Clearly there is a link between eating disorders and epicurean appreciations for food. But is being a foodie simply an insidious way for the disordered psyche to maintain an obsession with food? Or does a heightened appreciation for cooking and eating help people to recover? I’m not sure. Trying out new recipes and exploring restaurants with my friends has certainly taught me to eat freely and appreciate food instead of being afraid of it.
Still, in a world where food culture overlaps significantly with diet culture, the gourmand in recovery may often find herself in treacherous territory. I work at a local take-out place that is geared toward young, health-conscious professionals: even though we place a premium on our food’s flavor and quality, it feels like everything is either gluten-free, dairy-free, low-carb, low-fat, paleo or vegan, and the nutrition information for each dish is available at the click of a button.

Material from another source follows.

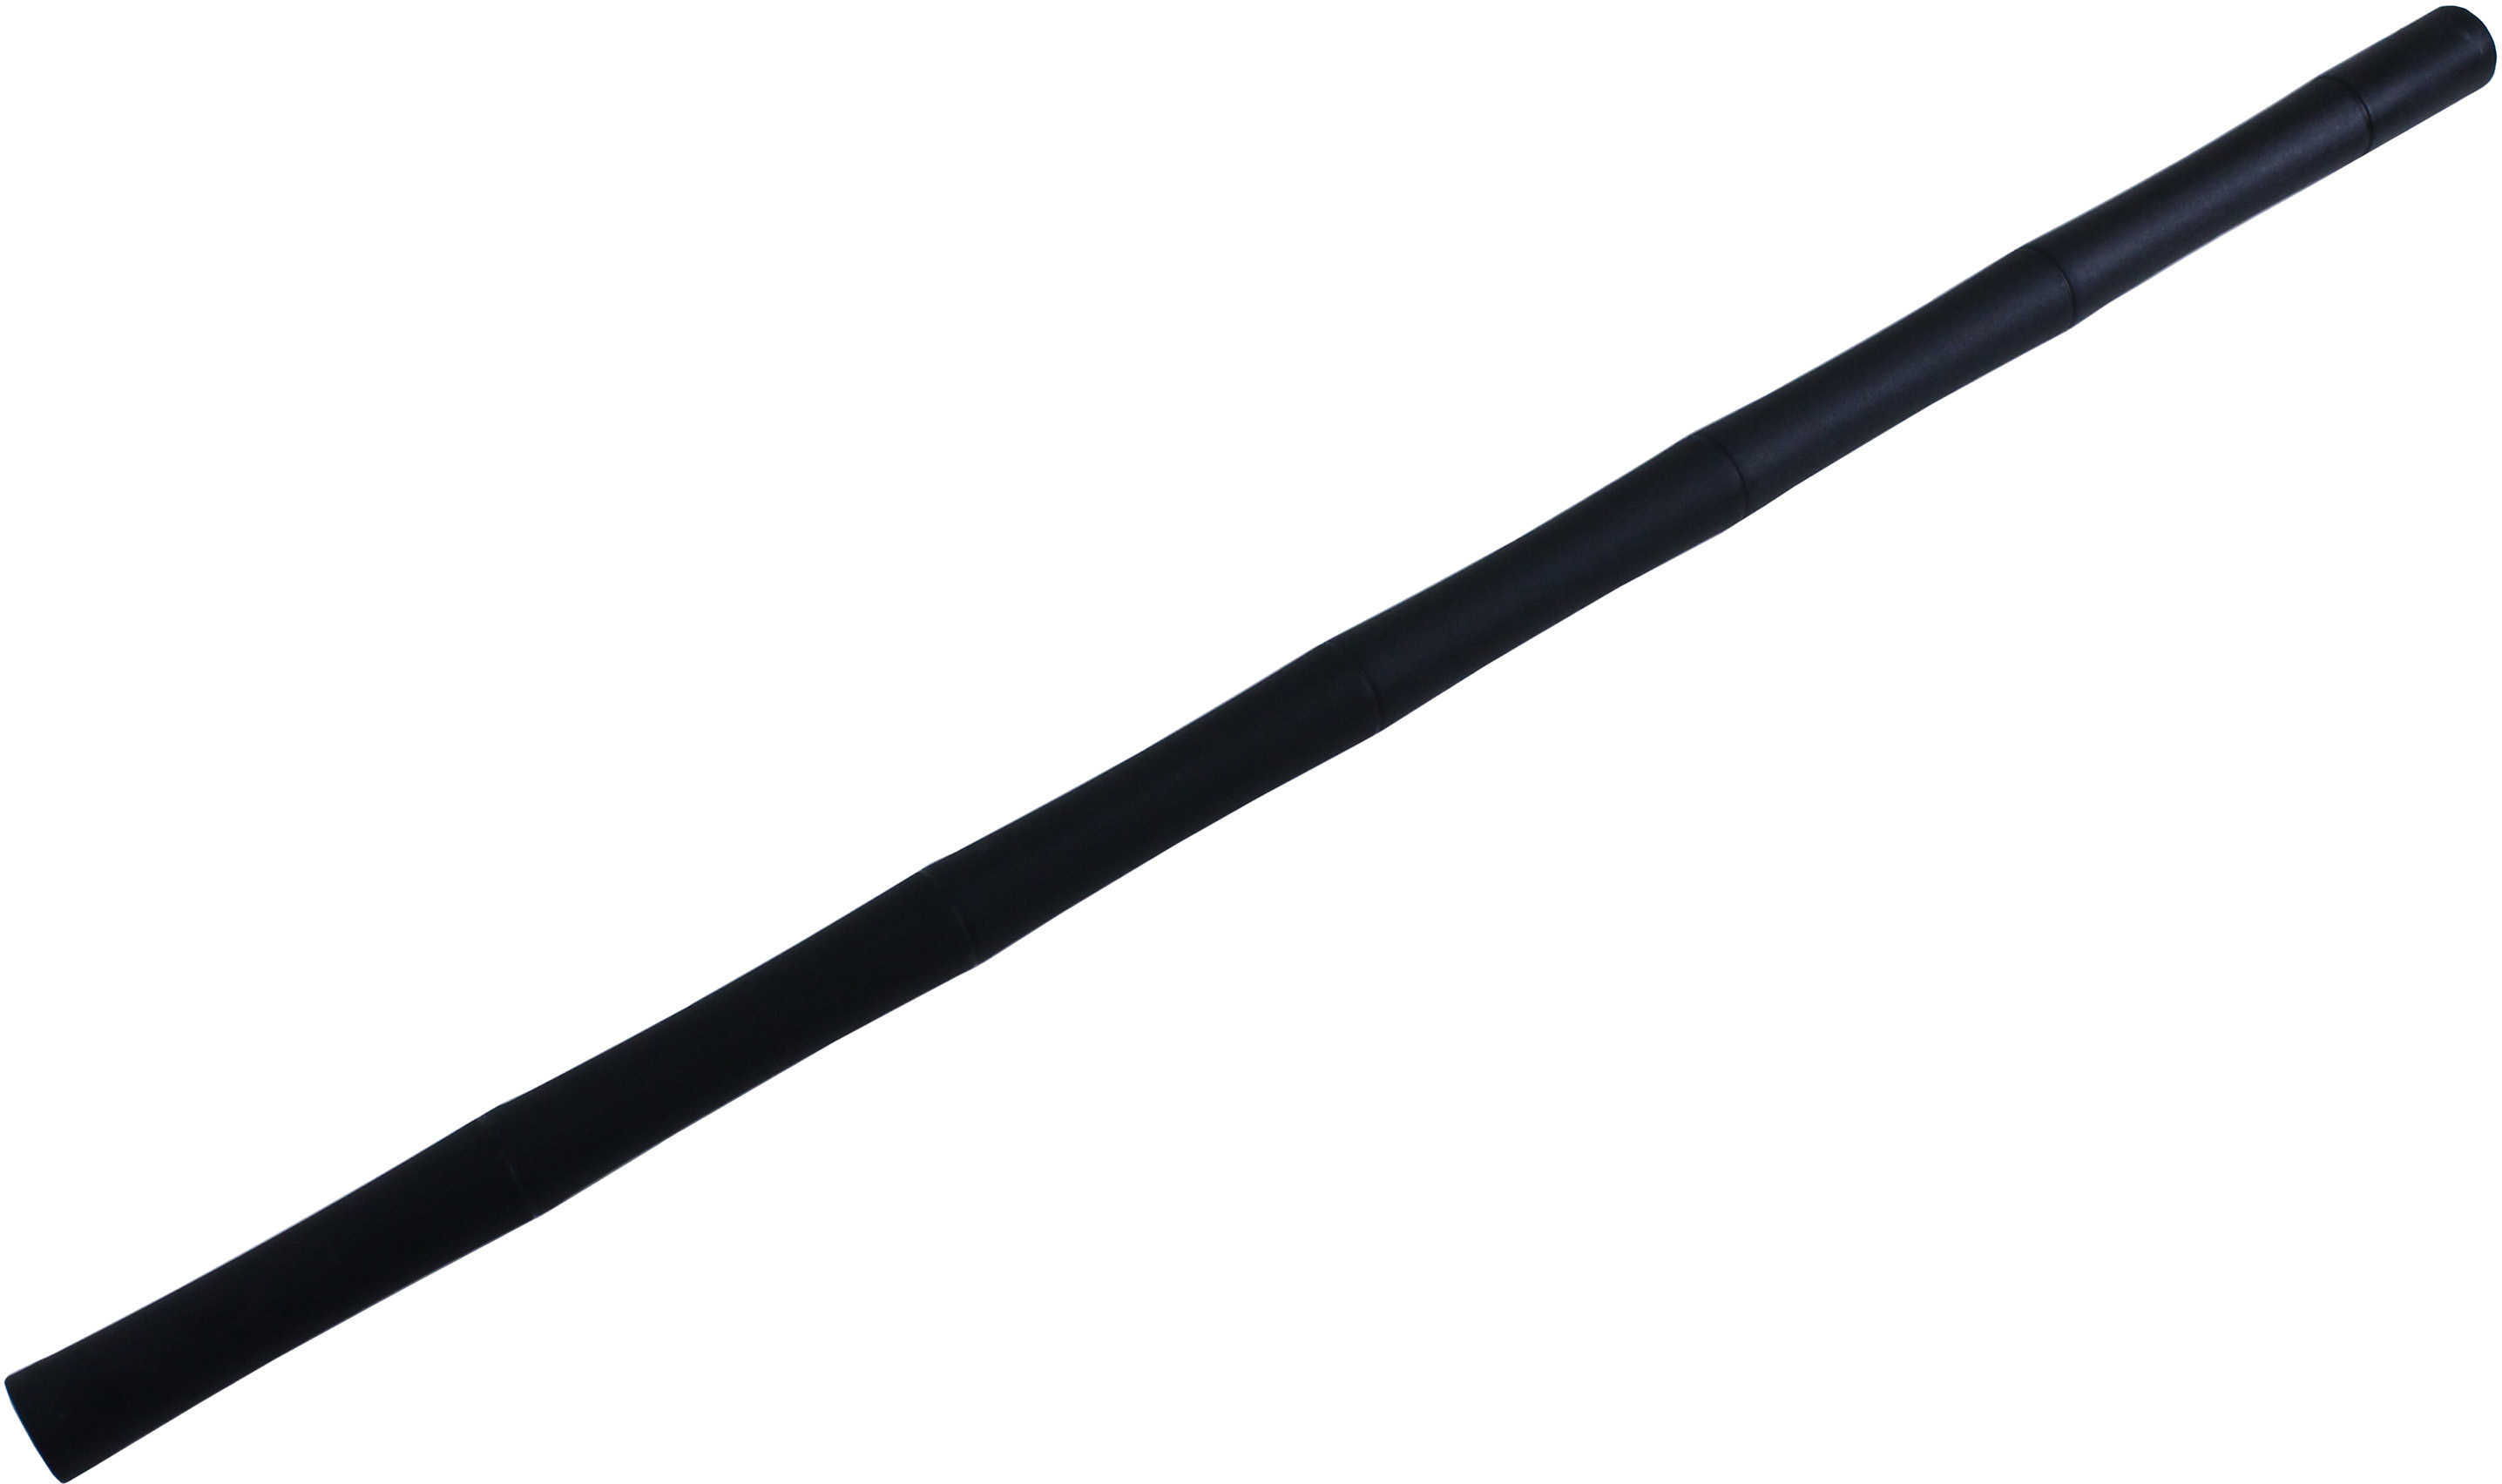 Cold Steel Escrima Stick - Brand New In Package

It’s not just my workplace, either. From snack aisles to high-end restaurants, “reduced guilt” calorie estimates and “sinlessness” are as much a selling point as taste. As the distinction between diet food and haute cuisine gradually disappears, it will become more and more difficult for foodies recovering from eating disorders to avoid falling back into old mindsets.
Even independent of diet culture, food obsessions could increase the risk of relapse in individuals recovering from eating disorders. Overzealous appreciation could easily devolve into overeating, which could lead to purging or fasting, which could spark a vicious cycle of bingeing and compensating. Recovery requires balance, and foodie-ism seems to encourage extremes. A mentally healthy gastronome can probably practice her craft without any problems, but the danger of being a foodie in recovery is that gourmet culture can be a way to perseverate on a preexisting preoccupation.